Medidas preventivas para el síndrome del niño hiperregalado

Para evitar el síndrome del niño hiperregalado es necesario comenzar por lo básico: medir la cantidad de obsequios materiales que damos a nuestros hijos. A su vez, será necesario invertir tiempo de calidad para jugar con ellos y enseñarles a valorar aspectos que van más allá del objeto.

Hay que promover un entorno en donde lo más importante sea el afecto. Por supuesto, también hay que dar el ejemplo y no manejar una doble moral en el hogar. De nada sirve que les digamos que hay que valorar menos los objetos si nosotros, como padres o tutores, vamos a hacer lo contrario.

Es cierto que los niños necesitan jugar y divertirse, pero su recreación no debe estar limitada a un juguete; pueden colorear o hacer manualidades, dejar volar su imaginación, compartir con amigos o familiares de su edad.

Aprende a evitar el síndrome del niño hiperregalado.

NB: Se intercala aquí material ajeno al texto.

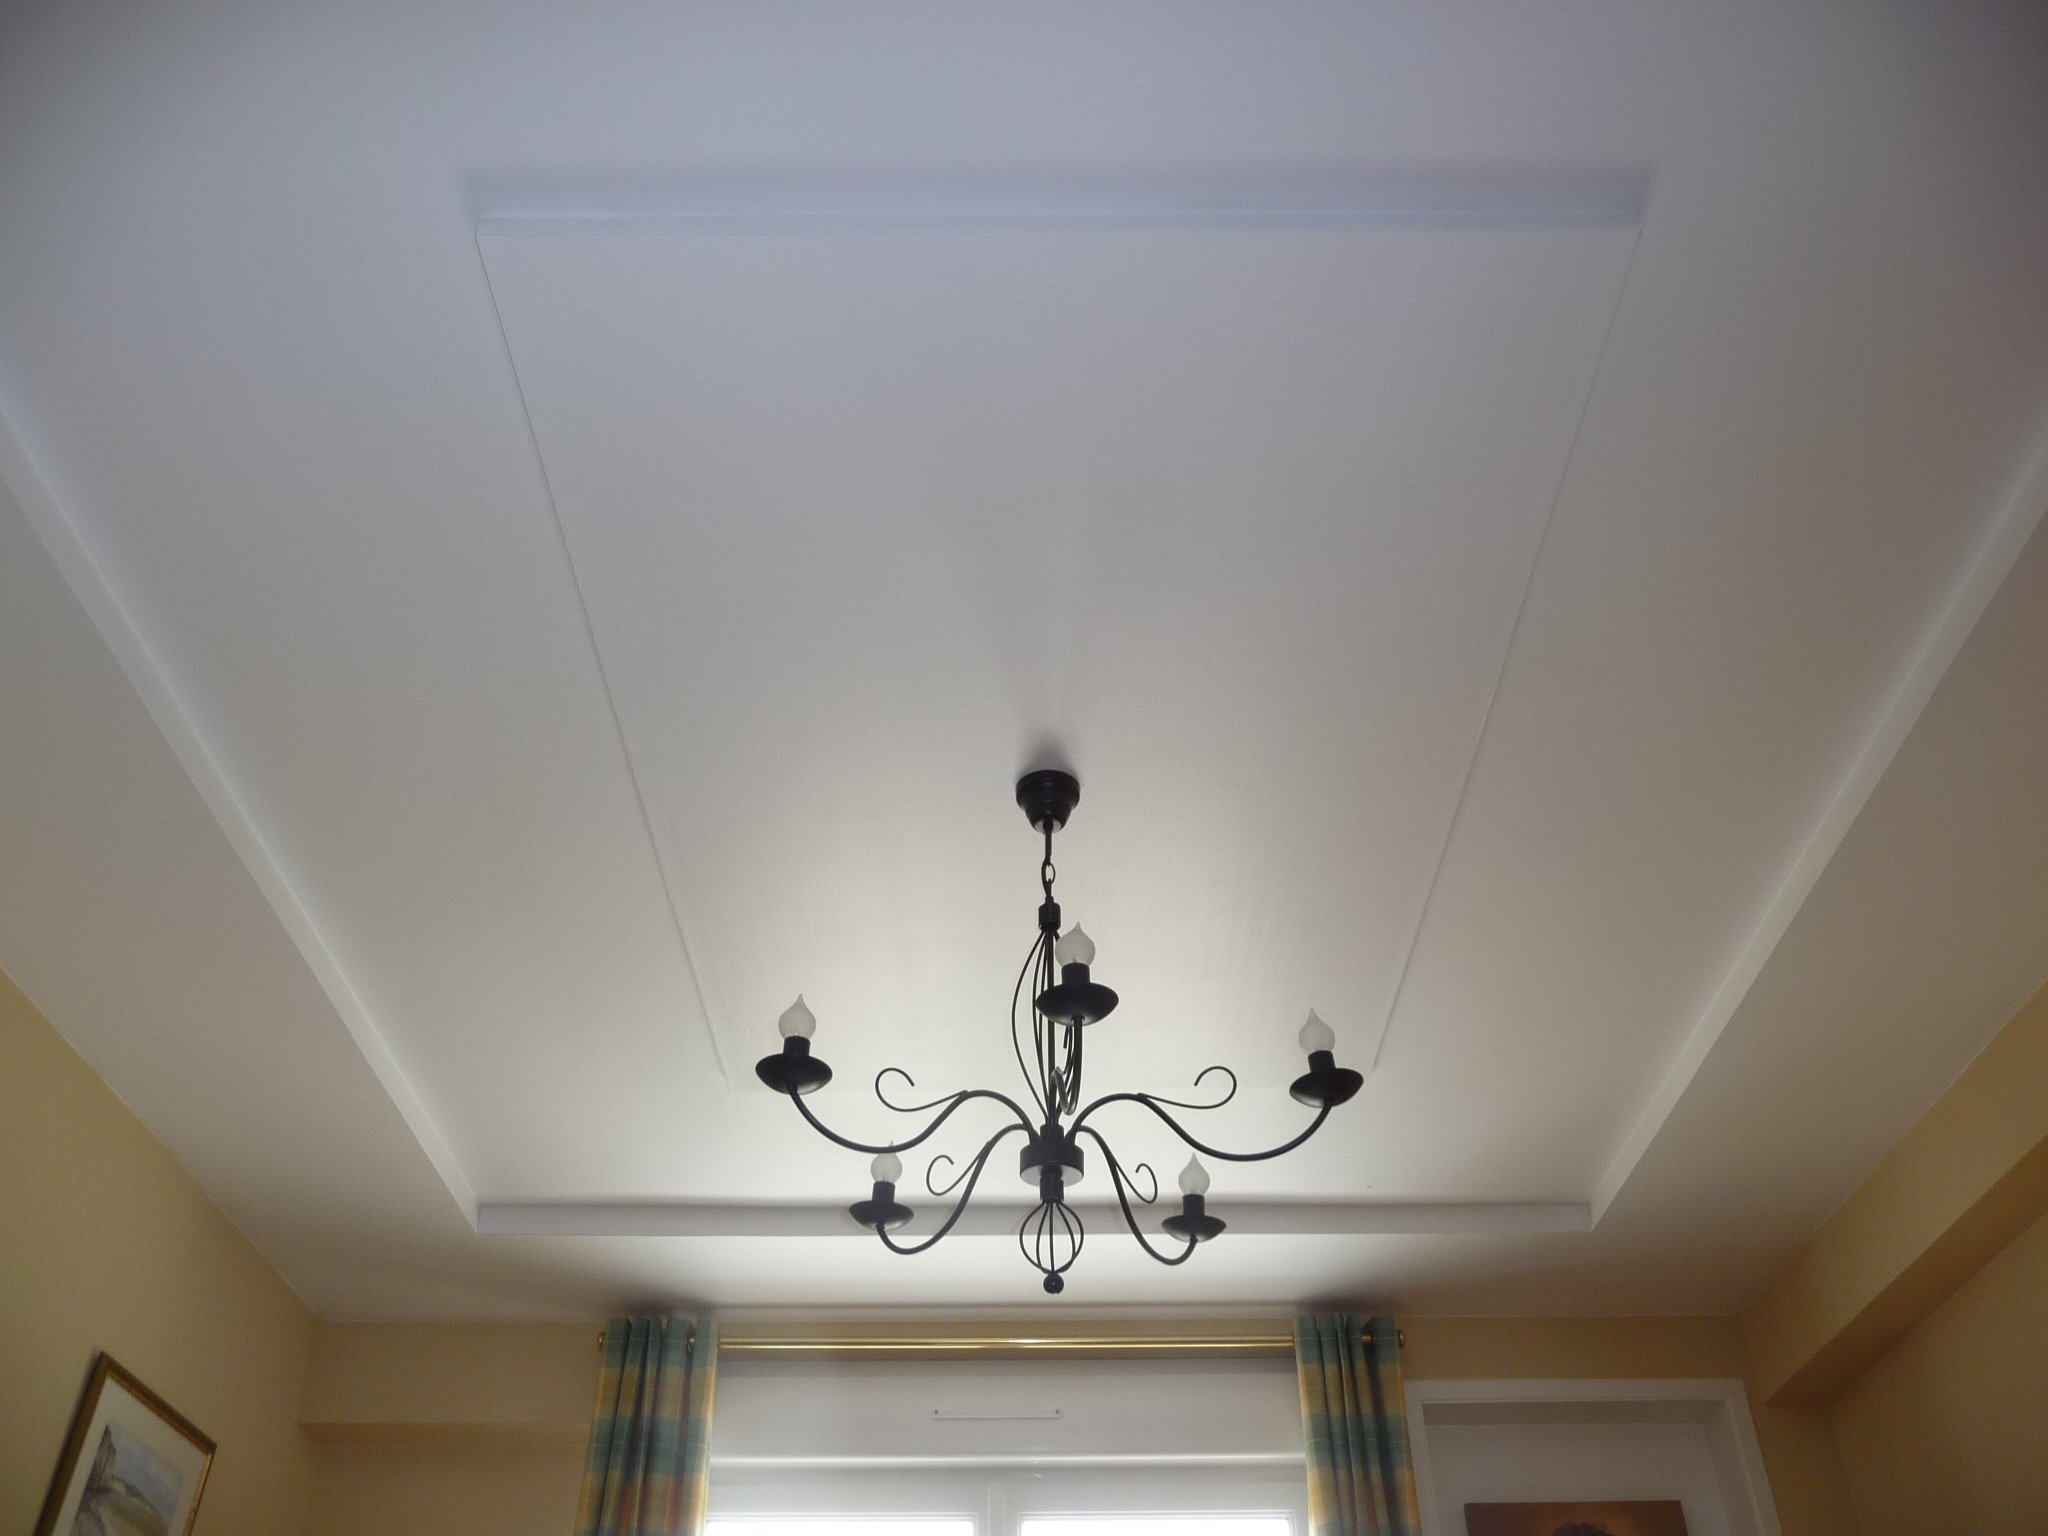 Faux plafond sur poutrelle hourdis polystyrene aix en provence service trav - Renovation plafond dalle polystyrene ...

Comparte con tu hijo tiempo de ocio, con y sin juguetes, para que valore más la acción que el objeto en sí.

Recomendaciones finales

Además de pasar tiempo de calidad con los niños, es necesario hacerles ver que las cosas materiales no lo son todo en la vida. Si bien hay algunas necesarias, ninguna es el centro de nuestras vidas. Por supuesto, esto hay que enseñarlo tanto con palabras como con acciones, en diferentes momentos e incluso, de formas muy sutiles. Así, conseguiremos que el mensaje llegue.

Por otra parte, es necesario hacerles ver que hay muchos niños en el mundo que son felices incluso con mucho menos que ellos. No se trata de manipularlos, sino de acercarlos a otras realidades para que puedan realizar un contraste por sí mismos y se animen a ‘imitar’ a esos niños que saben divertirse, independientemente de las posesiones materiales.

Adicionalmente, una vez que tengan la suficiente edad para comprenderlo, hay que hacerles saber que los objetos materiales implican un costo y que, no siempre es posible obtenerlo todo. En este sentido, será necesario comenzar con los rudimentos de la educación financiera.

Si tenemos la oportunidad, es mejor que les brindemos una experiencia tanto recreativa como educativa; como un campamento o plan vacacional que una larga lista de juguetes que luego ni siquiera recordarán. Las experiencias y el contacto humano les dejarán una satisfacción mucho más grande a largo plazo.